Map Key Errors in Clojure and Python: A Silent Bug Category

Why This Matters

I've been compiling this document for a couple of weeks, with the intent of publishing it, to at least advertise this problem I've been struggling with. One that has been bothering me enough where I've done a ton of little experiments to see if I can ameliorate it, even by a little!

Then just now, I was talking with my friend Scott Prugh who was just complaining about something in Python, and he was lamenting how he wanted to do things in C#. I asked him why, and he was complaining about the same problem that I've been having!

The problem: LLMs will often hallucinate map keys that don't exist. He and I commiserated about how we both spent hours trying to hunt down a problem that would have been solved if there were a data structure more like a class or a struct in C, where you could generate an immediate error if trying to get or set a value that doesn't actually exist.
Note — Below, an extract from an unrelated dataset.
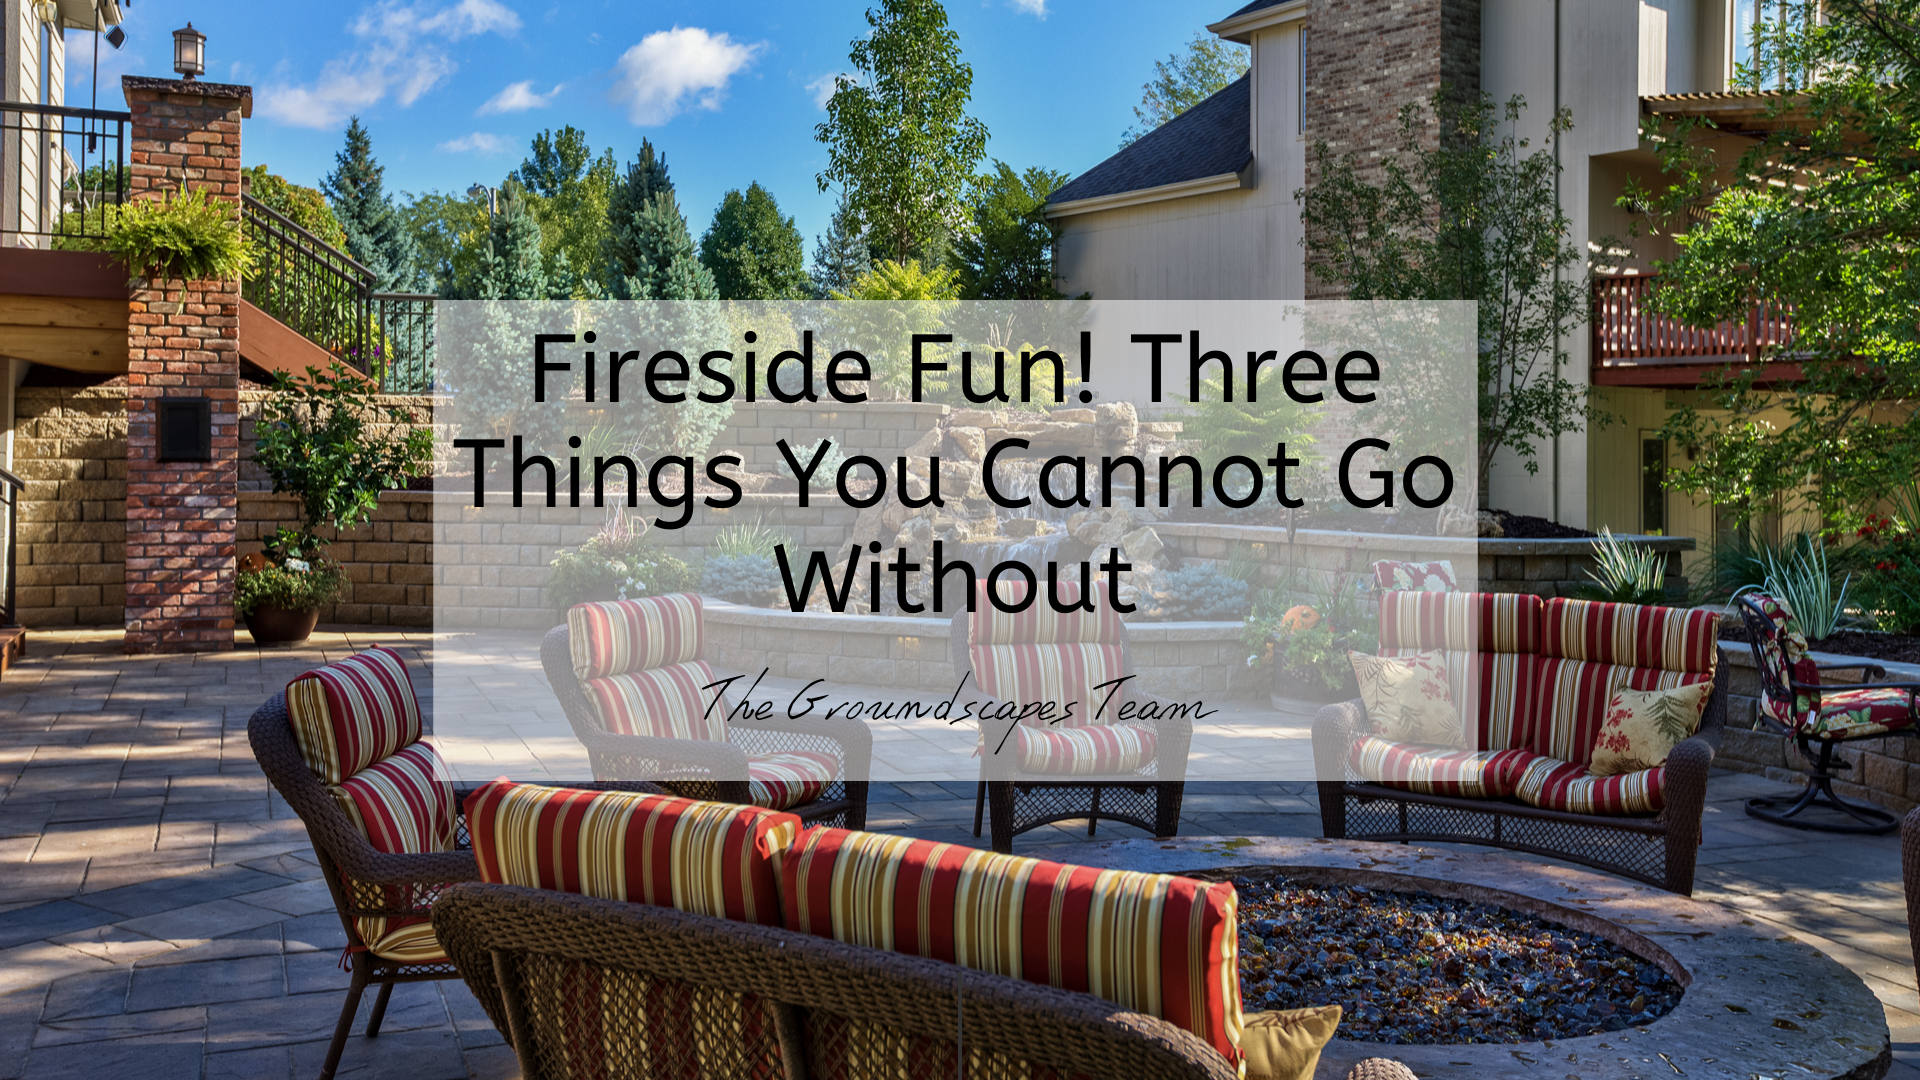 Fireside Fun! Three Things You Cannot Go Without

This is antithetical to so much of Rich Hickey's philosophies around open maps. This document attempts to outline the problem that I've been struggling with for going on the last year when vibe coding or using LLMs on coding problems.

This document is an attempt to chronicle this category of errors and some ongoing experiments I've been trying to conduct to create a little more rigor in detecting these problems much earlier, or ideally even preventing them.

The Problem

Clojure's dynamic map access can silently fail when key names are wrong. This creates a class of bugs that are particularly insidious when working with LLM-generated code, as LLMs often hallucinate map key names.

Real-World Examples from This Project

Example 1: Reaction Keys Mismatch (2025-01)

Bug: Missing emojis in message reactions display

Root Cause: Code destructured using wrong keys:

;; WRONG - keys don't exist in data
(for [{:keys [emoji-name reaction-count]} (:reactions message)
      :when (pos? reaction-count)]
  ...)

;; Data actually has -- :name, not :emoji-name.  DOH!
{:name "thumbsup" :count 5 :users [...]}

Consequence:

emoji-name → nil
reaction-count → nil
(pos? nil) → NullPointerException
All reactions silently disappeared from UI

Location: src/slack_archive/web/views/core.clj:187

Example 2: Reply Users Key Format Inconsistency (2025-01)

Bug: Display showed "1 reply from 0 users" (impossible state)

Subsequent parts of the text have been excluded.